ちなみにエネルギーの単位であるATPとは「アデノシン三リン酸」という物質であり、アデノシンに3つのリン酸がくっついて構成されています。

「ATP」のリン酸が1つちぎれて「ADP(アデノシン二リン酸)」となるときに大きなエネルギーが発生し、

反対に「ADP」にリン酸を再び1つくっつければ「ATP」にもどるので「エネルギーの単位」例えるなら「エネルギーの通貨」として使い勝手が良いのです。

余談ですが「ATP」は医療の現場で、不整脈の薬などとしても使われています。

 

2つめの過程が「クエン酸回路」です。

「クエン酸回路」はミトコンドリア」の「マトリックスという場所で行われます。

「クエン酸回路」全体の化学反応式は次の通りになります。

 2C3H4O6(ピルビン酸)+6H2O+8NAD++2FAD→6CO2(二酸化炭素)+8NADH+8H+(水素イオン)+2FADH2           +2ATP(エネルギー)

FADはNADと同様、水素イオンの移動に関わる物質です。

「クエン酸回路」はシンプルにいうと「ピルビン酸から水素イオンを取り出して、二酸化炭素とエネルギーが発生する」過程です。

まず、先ほど「解糖系」で生成された「ピルビン酸」が「アセチルCoA」という物質に変化し、さらに「オキサロ酢酸」という物質と合体することでクエン酸という物質が合成されます。

この「クエン酸」が「クエン酸」→「イソクエン酸」→「αケトグルタル酸」→「コハル酸」→「フマル酸」→「リンゴ酸」→「オキサロ酢酸」と変化し、再び「オキサロ酢酸」が「アセチルCoA」と反応して「クエン酸」にもどります。

「ピルビン酸」が「アセチルCoA」へ変化してからループをまわる一連の流れが「クエン酸回路」です。

回路をまわる間に計6分子の二酸化炭素(CO2)と計10分子の水素イオン(H+)が発生します。

呼吸によって二酸化炭素(CO2)が発生することは有名ですが、実はエネルギー産生においては水素イオン(H+)が重要であり、

「解糖系」と「クエン酸回路」で発生した水素イオン(H+)がこの後に起こる過程の伏線となっています。

ちなみに「クエン酸回路」自体は酸素を必要としない反応ですが、酸素が存在しないと回路が止まってしまいます。

 

最終段階となる3つめの過程が「電子伝達系」です。

全体像としては非常にシンプルで、これまで「解糖系」と「クエン酸回路」で集めてきた水素イオン(H+)を酸素(O2)と反応させる過程です。

この過程で「電子(e)」がリレーのバトンのように次々と受け渡され、莫大なエネルギーが発生するのです。

いいかえると、「電子を伝達することで大きなエネルギーを得る」過程が「電子伝達系」です。

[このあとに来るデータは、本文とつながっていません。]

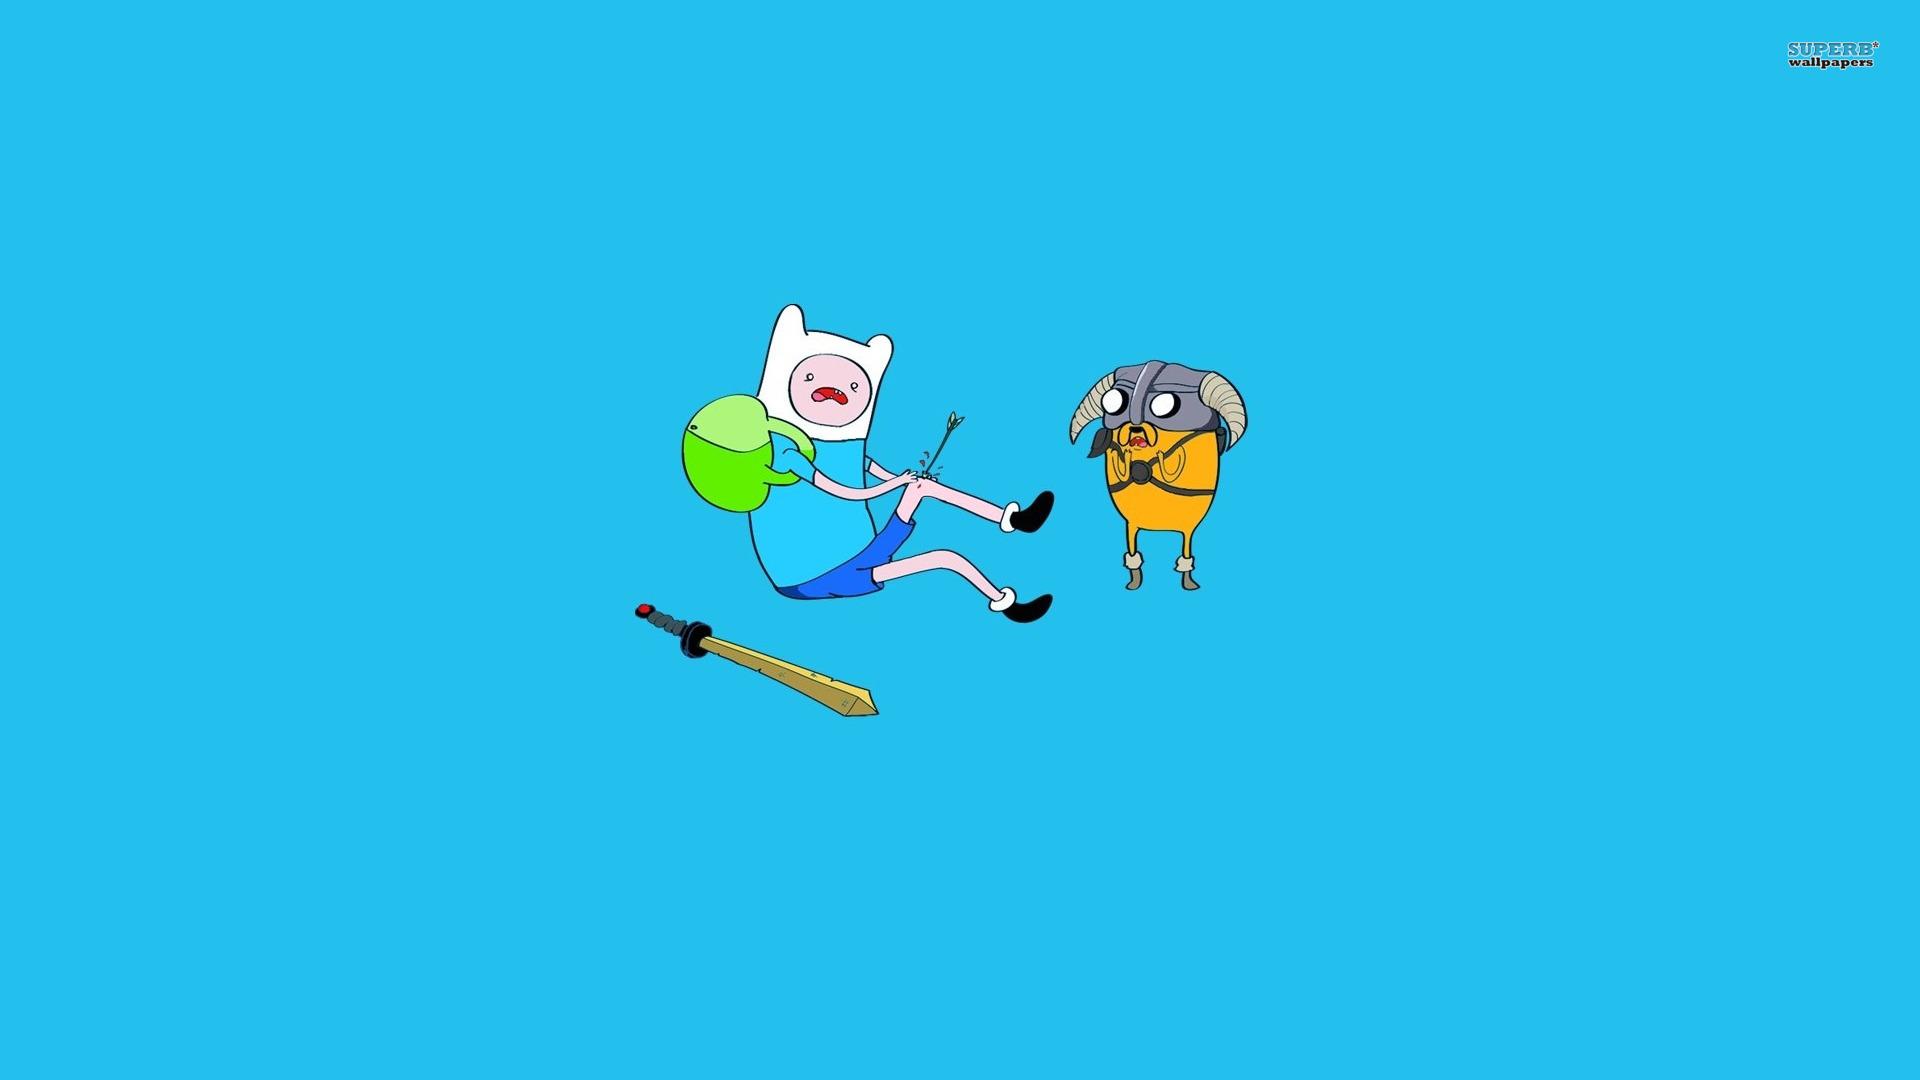 50 Adventure Time Wallpaper 1920x1080 On Wallpapersafari

「電子伝達系」は「ミトコンドリア」の「内膜で行われます。

少々極端な表現になりますが、「水素イオンと酸素を反応させてエネルギーを得ることが呼吸のメインイベントで、メインイベントに必要なアイテムである水素イオンを下準備で集めるというのが呼吸の過程の全体像です。

「電子伝達系」の化学反応式は次の通りになります。

10NADH+10H+(水素イオン)+2FADH2+6O2(酸素)→10NAD++2FAD+12H2O(水)         +34ATP(エネルギー)         

式は複雑ですが、全体としては「水素イオン(H+)を酸素(O2)と反応して水(H2O)が生成した」というわかりやすい反応です。

「電子伝達系」は、もちろん酸素を必要とする過程です。

式をみても明らかなように、34ATPという「解糖系」や「クエン酸回路」とは比較にならないほど大きなエネルギーを得ることができる反応です。

 

以上から、最も多くのエネルギーをつくりだすことができるのは③電子伝達系となります。